🔘 Daily Notes chronicles my unedited thoughts at the moment, from day to day. This series will end at 1.0, or 10 total posts 🍵
In the backyard, under the mimosa tree at night, all the leaves are closed. The flowers can barely be seen in the last light of day. The grass beneath my back is still warm from the heat of the day.
Nearby a little fountain trickles water into a stone basin. And high above a huge cottonwood moves in slight wind.
Somehow this landscape has avoided choking smoke and heat until now. So, of course, a few fires started recently, and have slowly grown over the last weeks.
I often wonder how much the state of the earth affects me. I know the landscapes, the weather, the animals and plants I love are all challenged and in a state of turbulence right now. I feel a level of instability inside too. I can’t tell how much of that is my own choice, or if I’m feeling the state of the world.

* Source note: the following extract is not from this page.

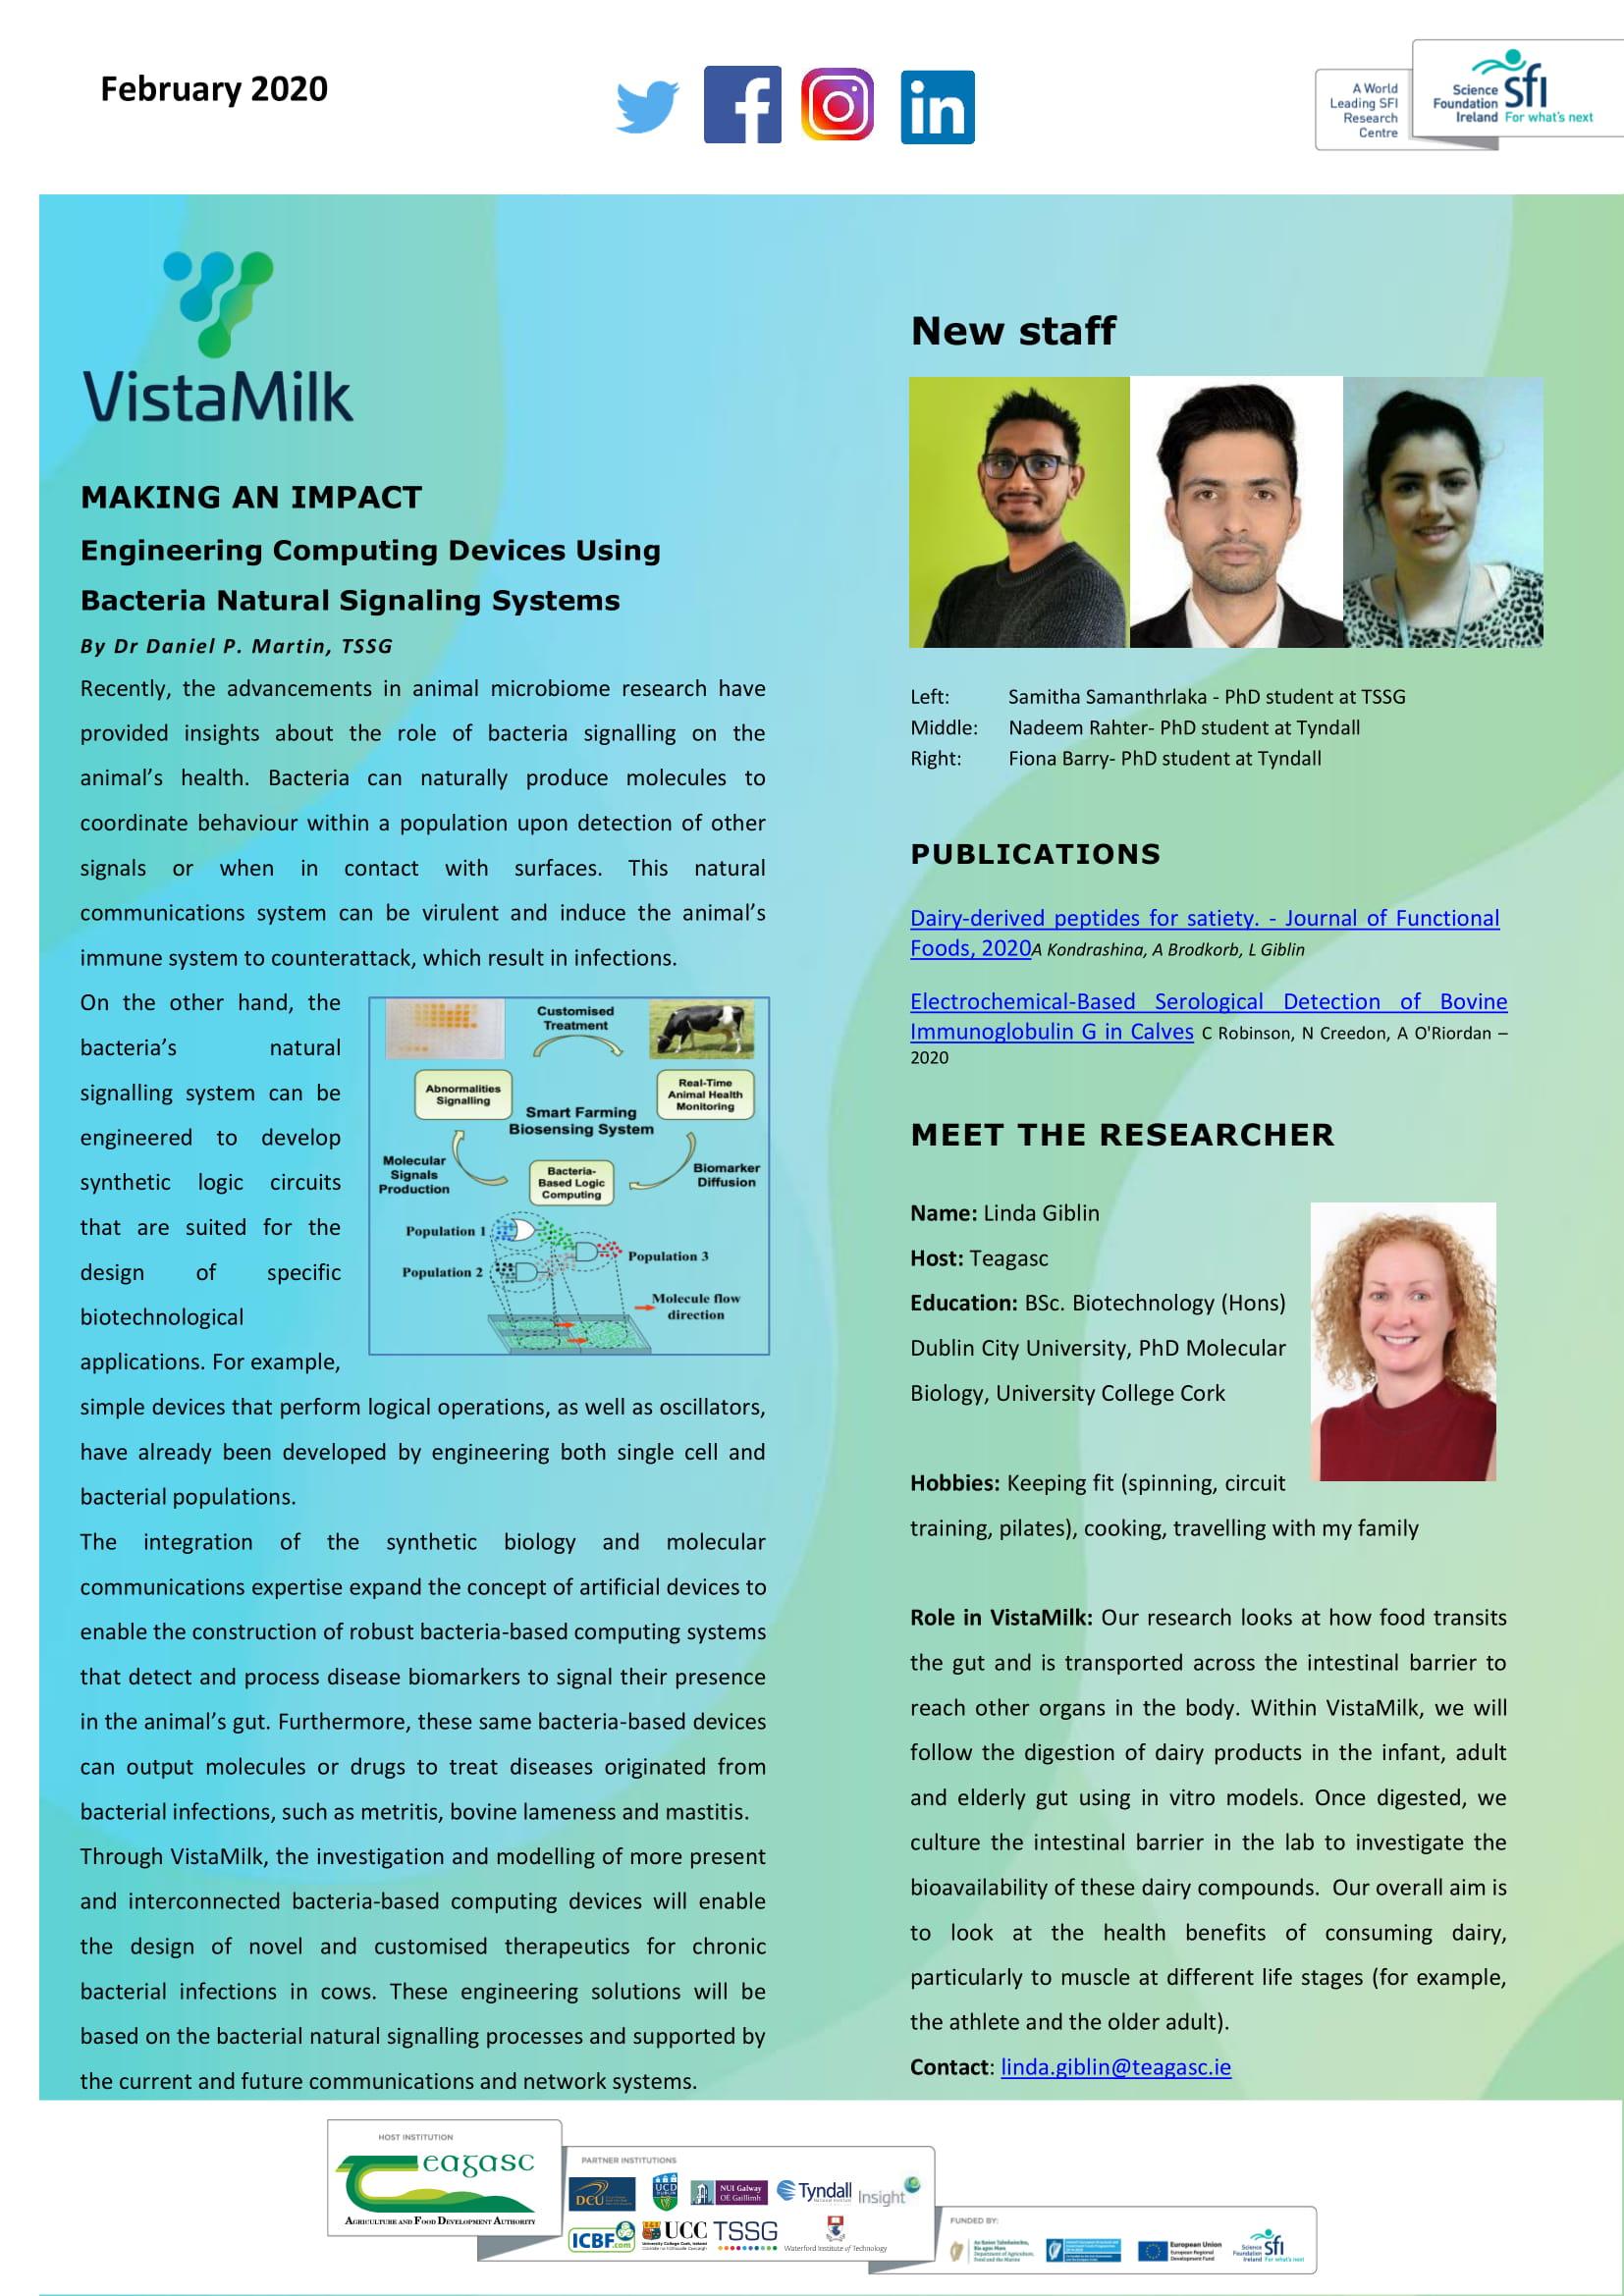 Vista Milk February 2020 Updates | VistaMilk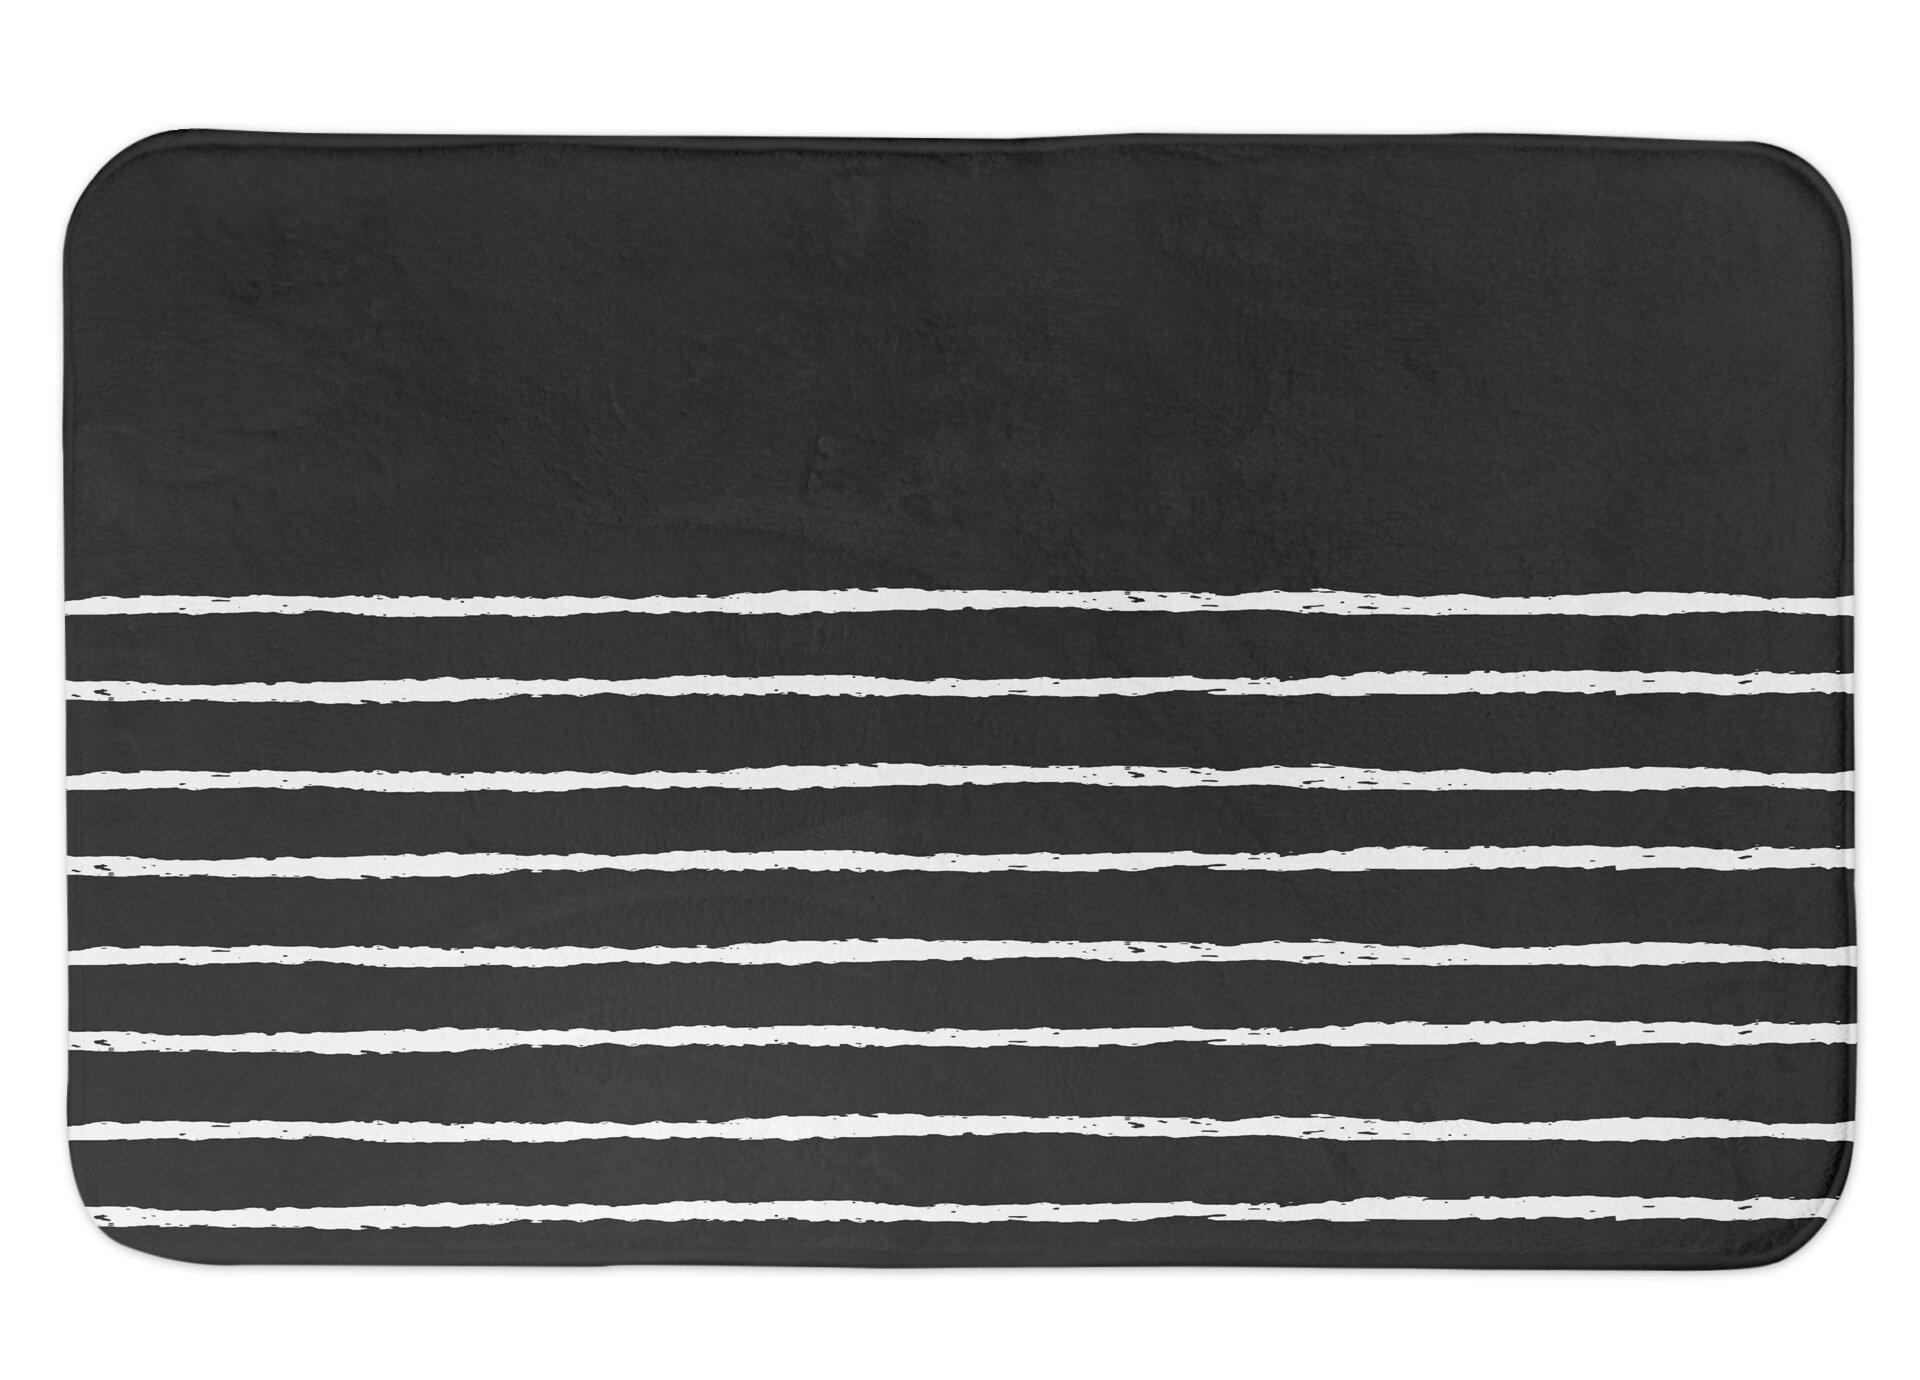 Orren Ellis Stasya Sketch Stripes Rectangle Non Slip Striped Bath Rug Reviews

Maybe climate resilience has to be internal, too.
Under the mimosa at night, everything seems alright. The fountain trickles on. Once in a while a car passes on the distant street. There are so many terrible things I could think about, or write about. But in the end, where does worry go? Water always flows to the lowest place.
It’s profound to not think about such things, to drop the narrative, and just be in the grass under the mimosa. At least, for a little while.
My sentiments exactly as
Everything is going to be okay at least in some small ways. We can find refuge if we are open to the possibility. Beautiful writing. Thank you.